Please read the prompt given to you and give an appropriate input.

In [6]:
number_of_prompt = random.randint(0,len(prompt_df))
prompt = prompt_df.iloc[number_of_prompt]
print("Your conversation partner says: ")
print(prompt['utterance'])

Your conversation partner says: 
I was recently on a mule ride in the Grand Canyon of Arizona! I really had to put a lot of faith in the mule though, because there were a bunch of sheer drops on the trail!


In [7]:
response = input()

Mules are very trustworthy animals, I really love them


In [8]:
print("You say: ")
print(response)

You say: 
Mules are very trustworthy animals, I really love them


In [9]:
#Initializing values
df.columns
prompt_values = {}

for c in df.columns:
  prompt_values.update({c:prompt[c]})

prompt_values['utterance_idx'] = 2
prompt_values['speaker_idx'] = prompt_values['speaker_idx']+1
prompt_values['utterance'] = response
prompt_values['ut_len'] = len(response)
prompt_values['Talker'] = 2

# **Paralleldots**

This part of the document gets the data from paralleldots.


# WARNING: ERRORS MIGHT APPEAR DURING FETCHING OF DATA, CHECK OUTPUT.
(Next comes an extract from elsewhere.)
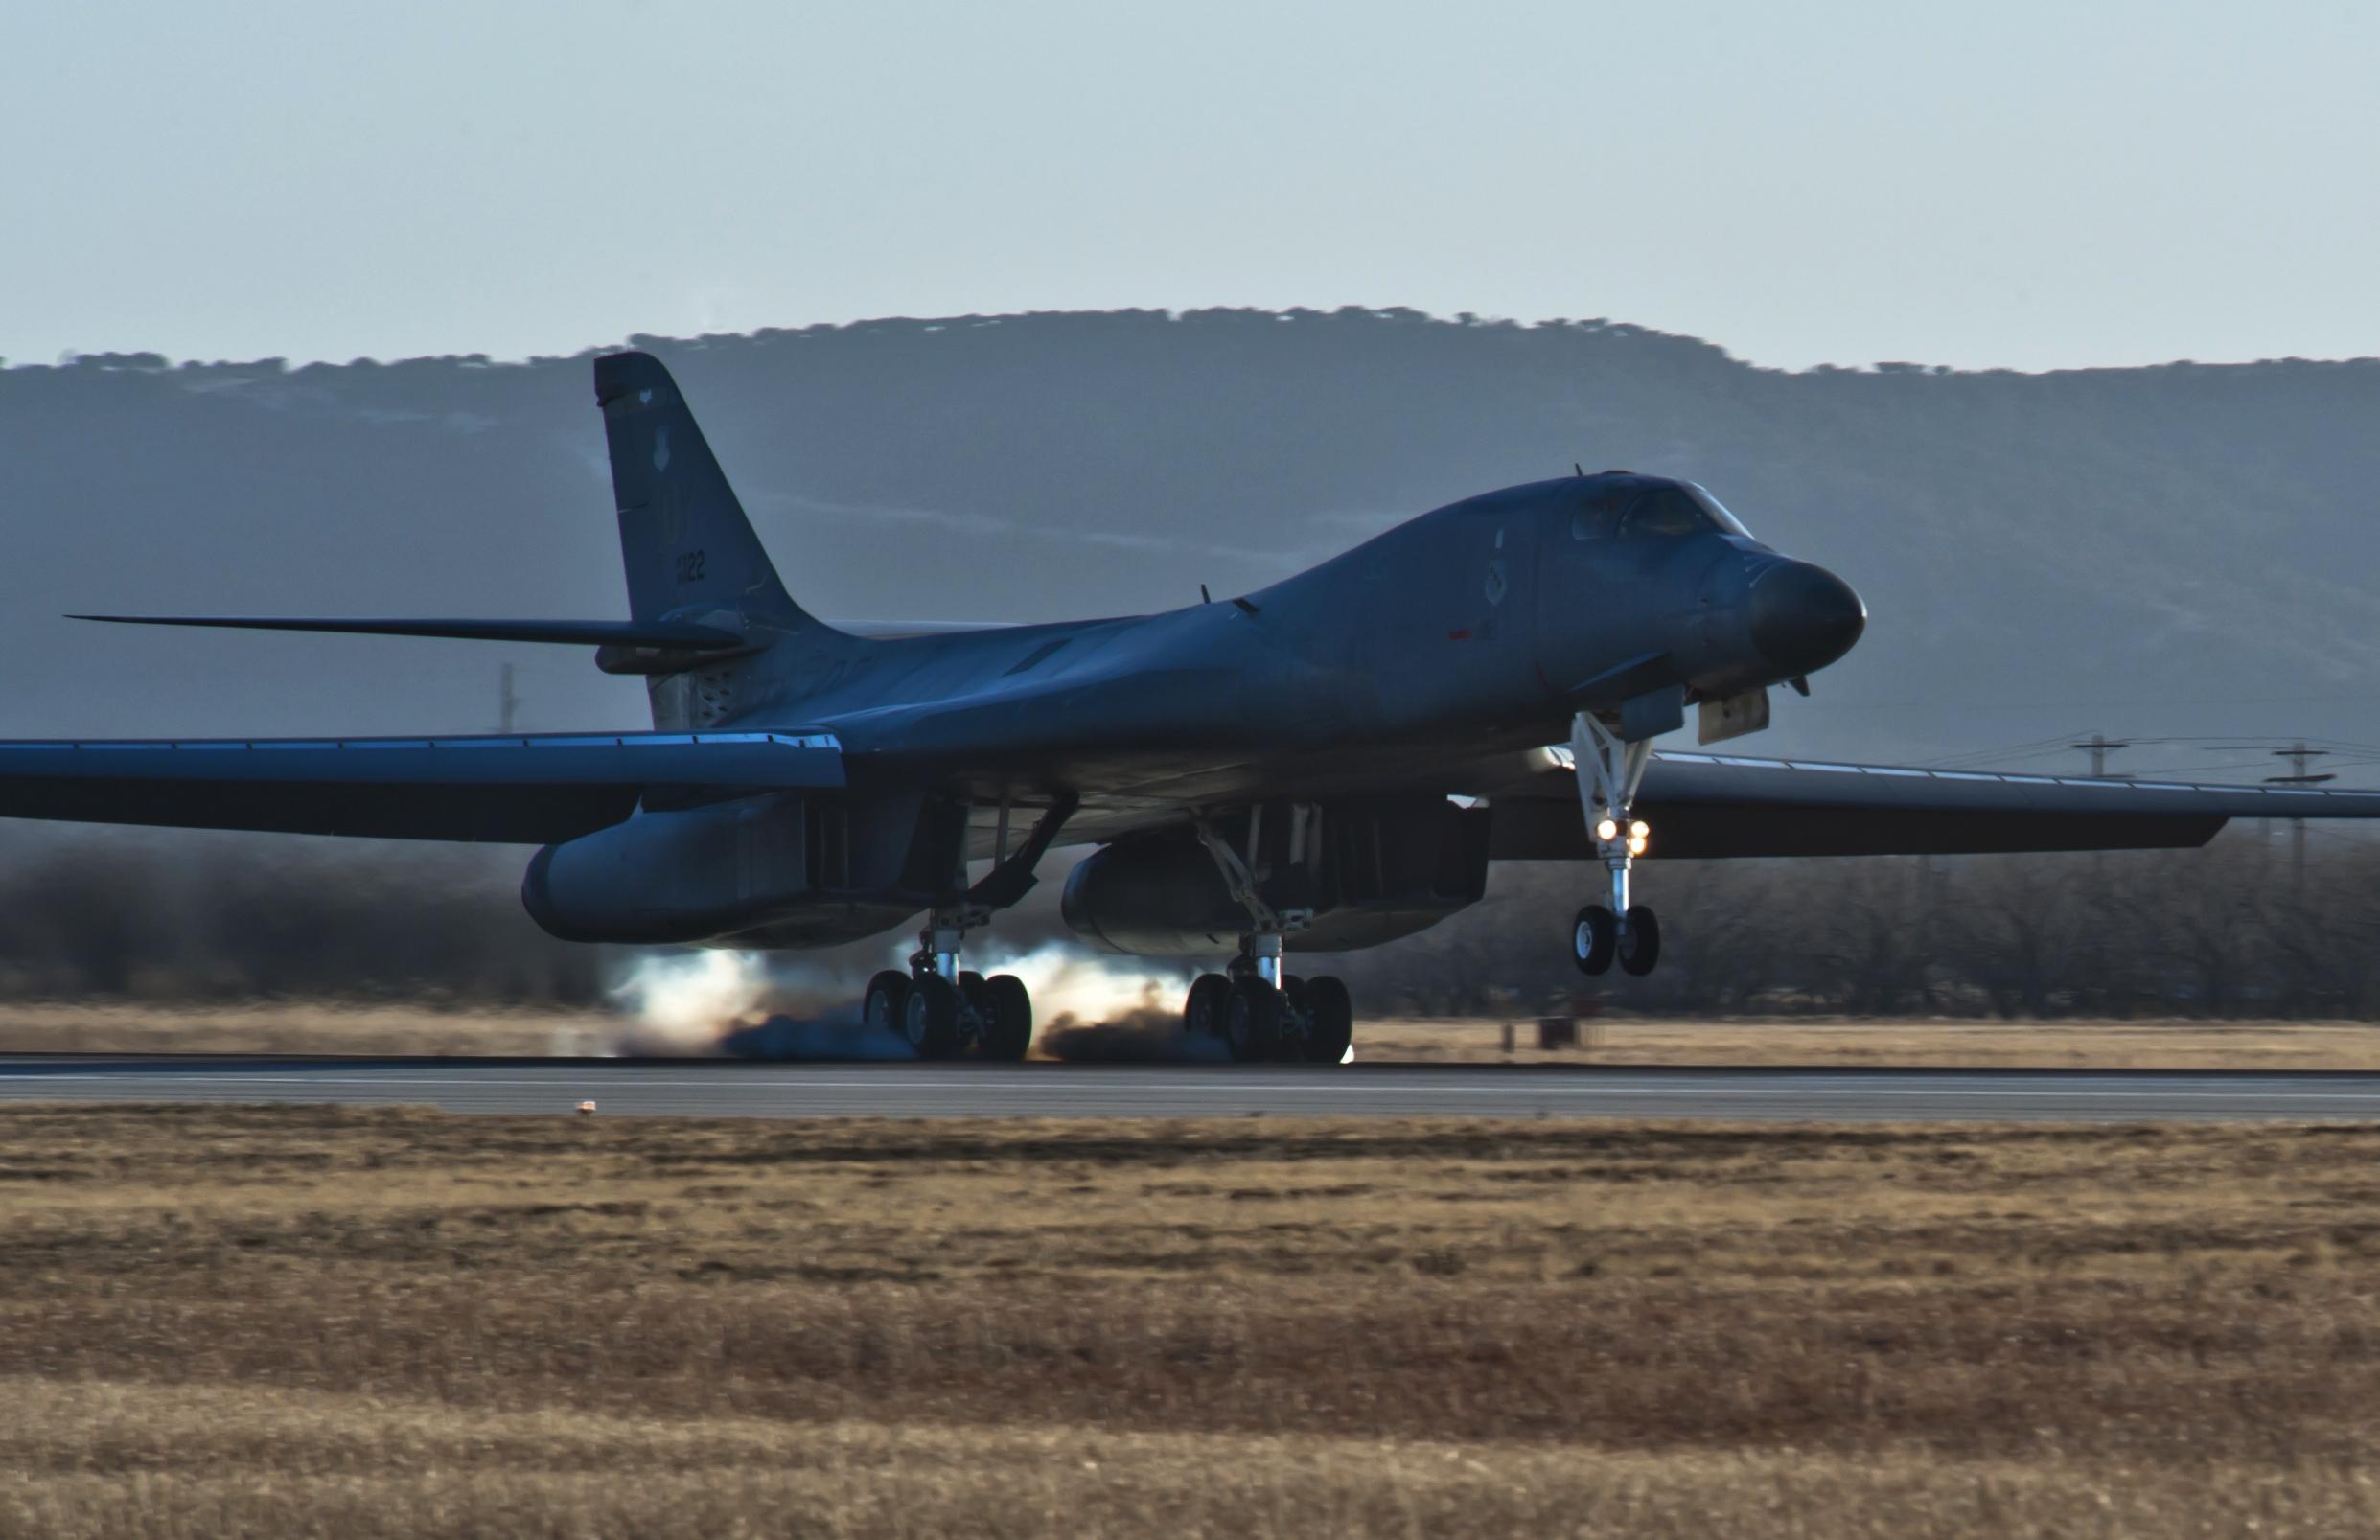 B 1 (航空機)の画像 p1_40

## YOU MIGHT NEED TO RUN THESE STEPS UNTIL NO ERRORS ARE STATED TO HAVE BEEN FOUND WHILE CONTACTING PARALLELDOTS

In [10]:
api_key  = get_api_key()

### **Sentiment analysis**

In [11]:
prompt_values['Sentiment'] = str(paralleldots.sentiment(response))

### **Emotion analysis**

In [12]:
#prompt_values['Emotion'] = paralleldots.emotion(response,'en')
prompt_values['Emotion'] = requests.post( "https://apis.paralleldots.com/v4/emotion", data= { "api_key": api_key, "text": response, "lang_code": 'en' } ).text
re_emo = re.sub(r"\"", "'", prompt_values['Emotion'])
prompt_values['Emotion'] = re_emo

if "error-details" in str(prompt_values['Emotion']):
  print("Error contacting paralleldots!!!!")
  print("Setting up dummy values for emotion... ")
  prompt_values['Emotion'] = "{'emotion':{'Happy': 0.000000, 'Fear': 0.000000, 'Sad': 0.000000, 'Bored': 0.000000, 'Angry': 0.000000, 'Excited': 0.000000}}"
  print("DO NOT TRUST CLASSIFICATION RESULT")
  print("RECOMMENDATION: RESTART CODE BLOCK")
  print()
  print()

### **Taxonomic analysis**

In [15]:
#prompt_values['Taxonomy'] = paralleldots.taxonomy(response)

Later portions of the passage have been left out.